There is limited experience of the use of OPSUMIT in patients with PAH associated with HIV infection, drugs and toxins. 

 

Use in women of child-bearing potential

See section 4.6.

 

Male fertility

See section 4.6.

 

Concomitant use with other medicinal products

See section 4.5.

 

Excipients

Opsumit contains lactose monohydrate. Patients with rare hereditary problems of galactose intolerance, total lactase deficiency or glucose-galactose-malabsorption should not take Opsumit.

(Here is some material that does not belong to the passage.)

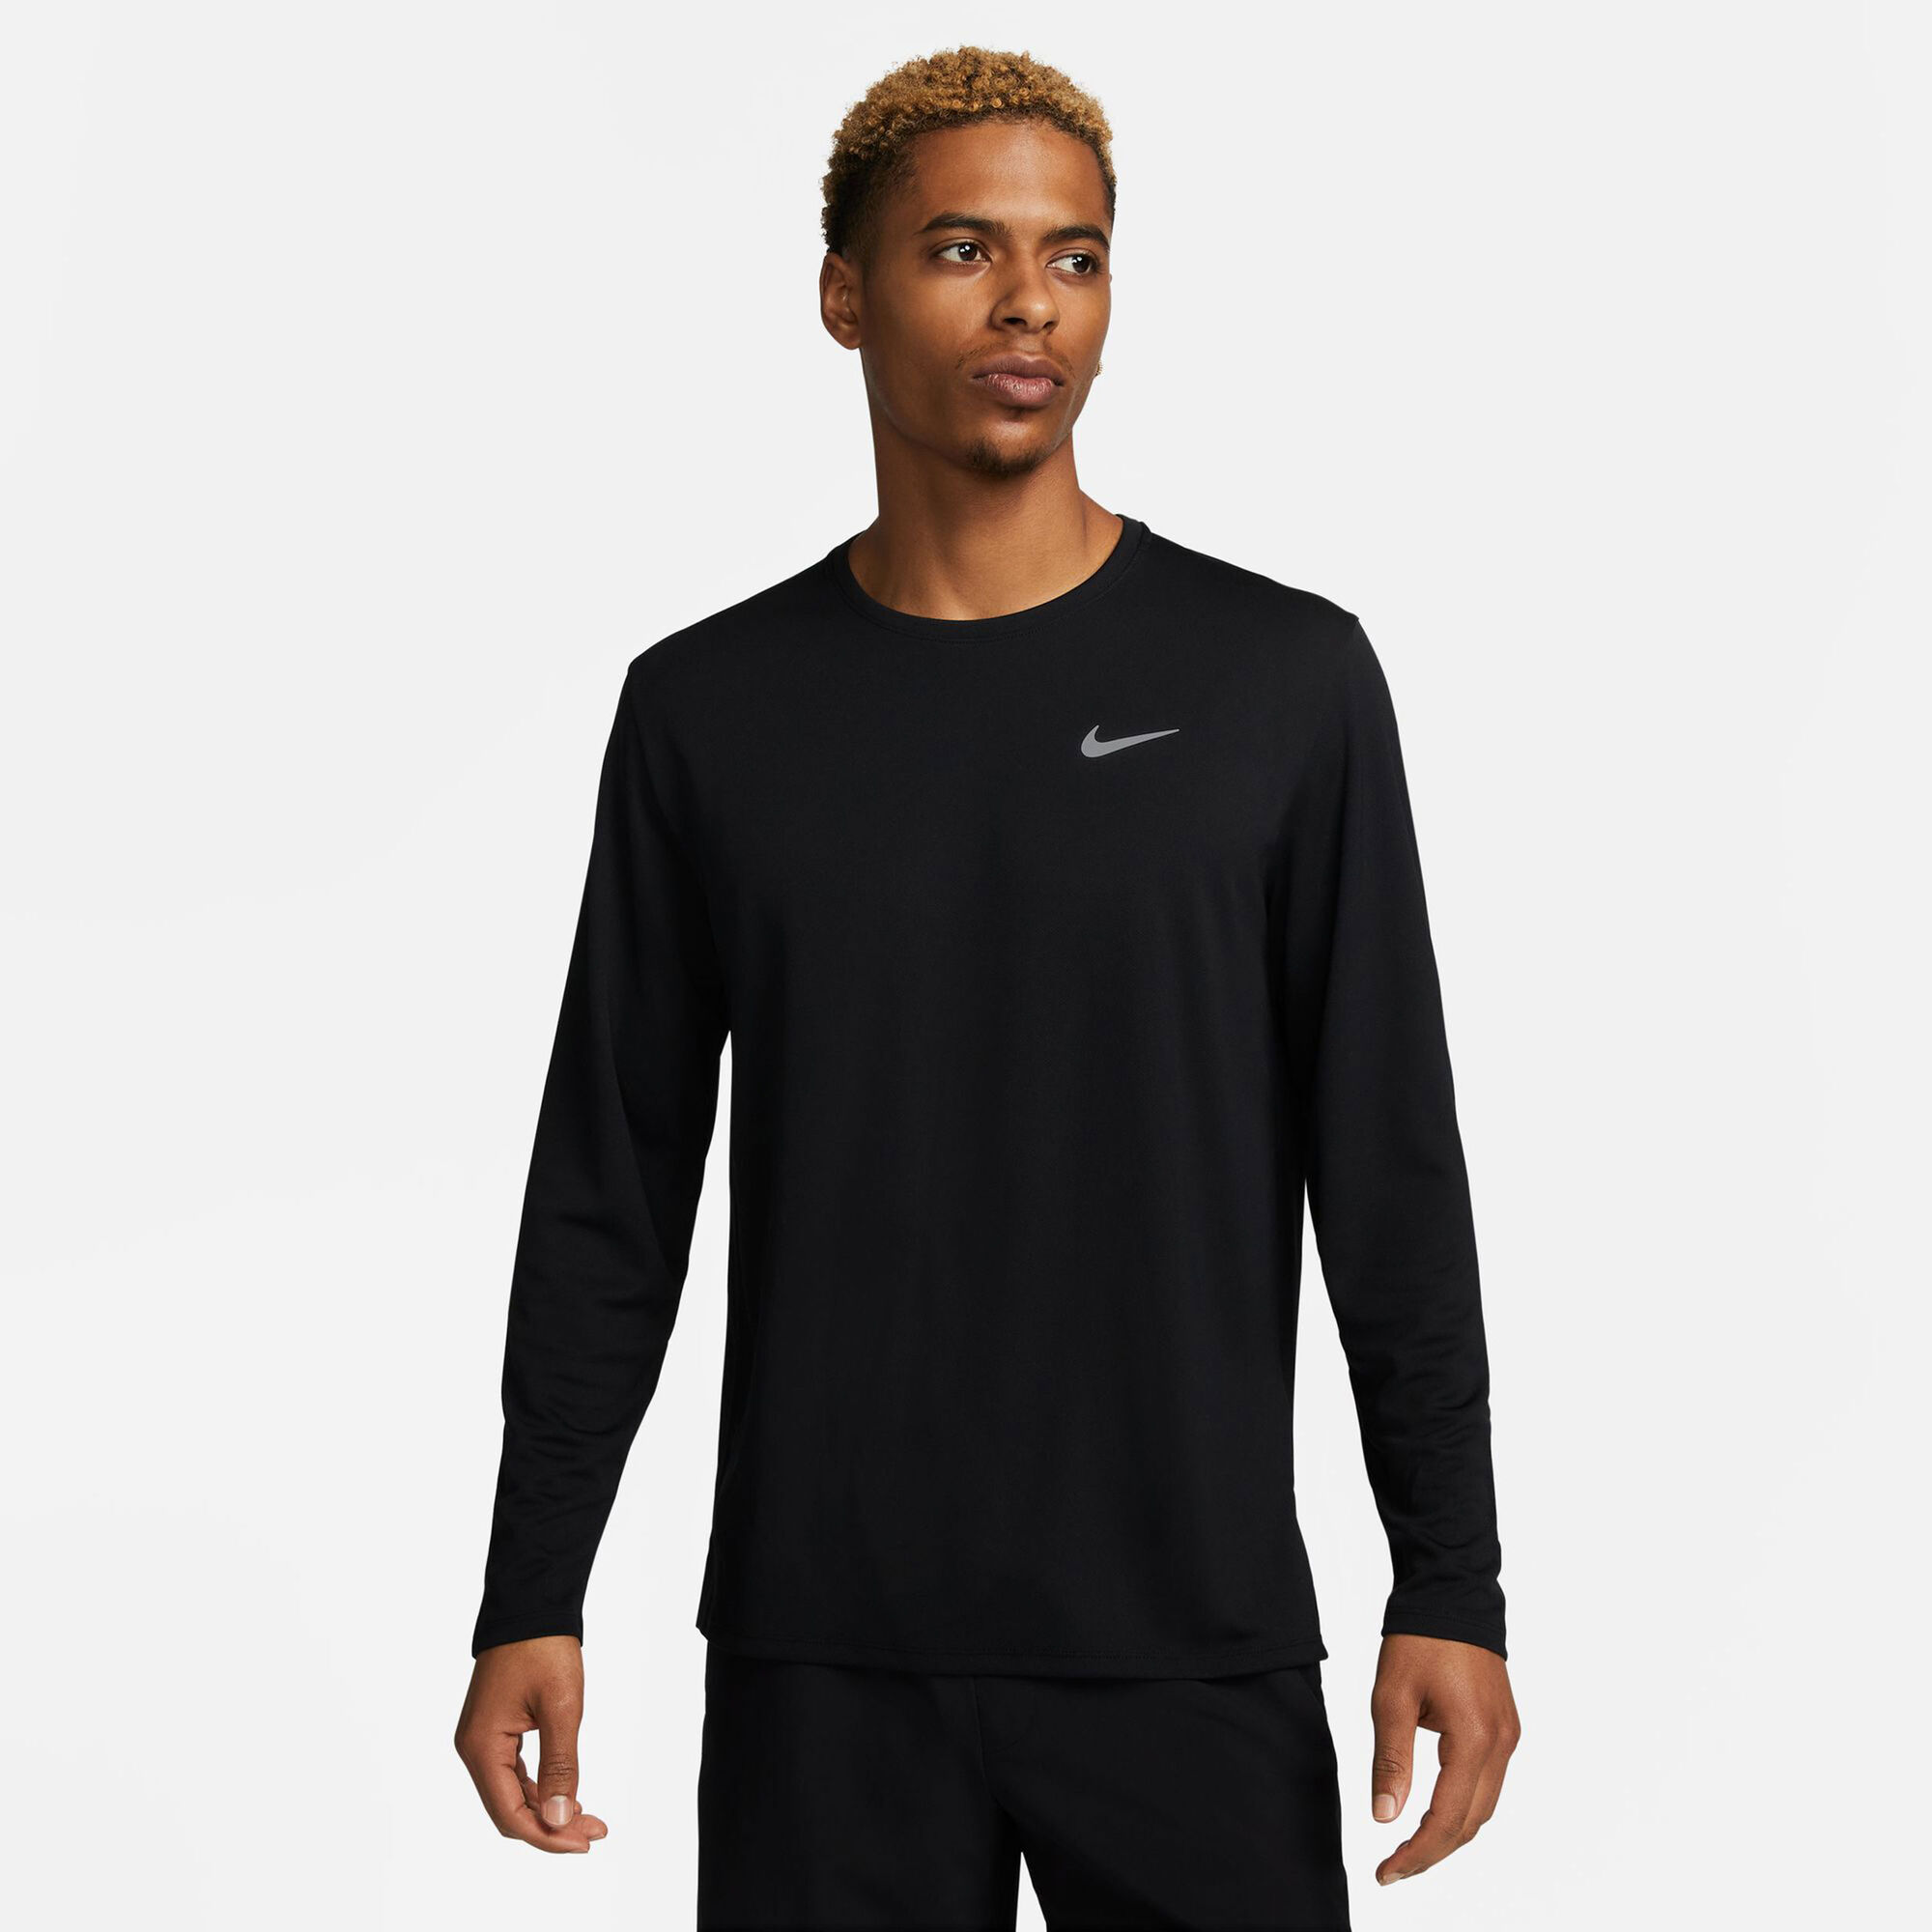 Buy Nike Dri-Fit UV Miler Running Tops Men Black online

less than 1 mmol sodium (23 mg) per film-coated tablet, i.e. it is almost "sodium-free".

 

The metabolism of macitentan to its active metabolite is catalyzed mainly by CYP3A4, with minor contributions from CYP2C8, CYP2C9 and CYP2C19.

 

At clinically relevant concentrations, macitentan and its active metabolite are not substrates for OATP1B1 and OATP1B3 and macitentan is not a substrate for P-gp and MDR-1. 

 

At clinically relevant concentrations, macitentan and its active metabolite do not inhibit or induce cytochrome P450 (CYP) enzymes, nor are they inhibitors of most hepatic or renal transporters of active substances, including P-gp, MDR-1, Mate1, Mate2-K, BSEP, NTCP, OATP1B3, OCT1, OCT2, OAT1 and OAT3. 

 

At clinically relevant intestinal concentrations, macitentan inhibits BRCP in vitro.

 

Specific investigations of interactions with other medicinal products revealed the following:

 

Warfarin: Macitentan given as multiple doses of 10 mg once daily had no effect on exposure to S-warfarin (CYP2C9 substrate) or R-warfarin after a single dose of 25 mg warfarin. The pharmacodynamic effect of warfarin on the International Normalized Ratio (INR) was not affected by macitentan. 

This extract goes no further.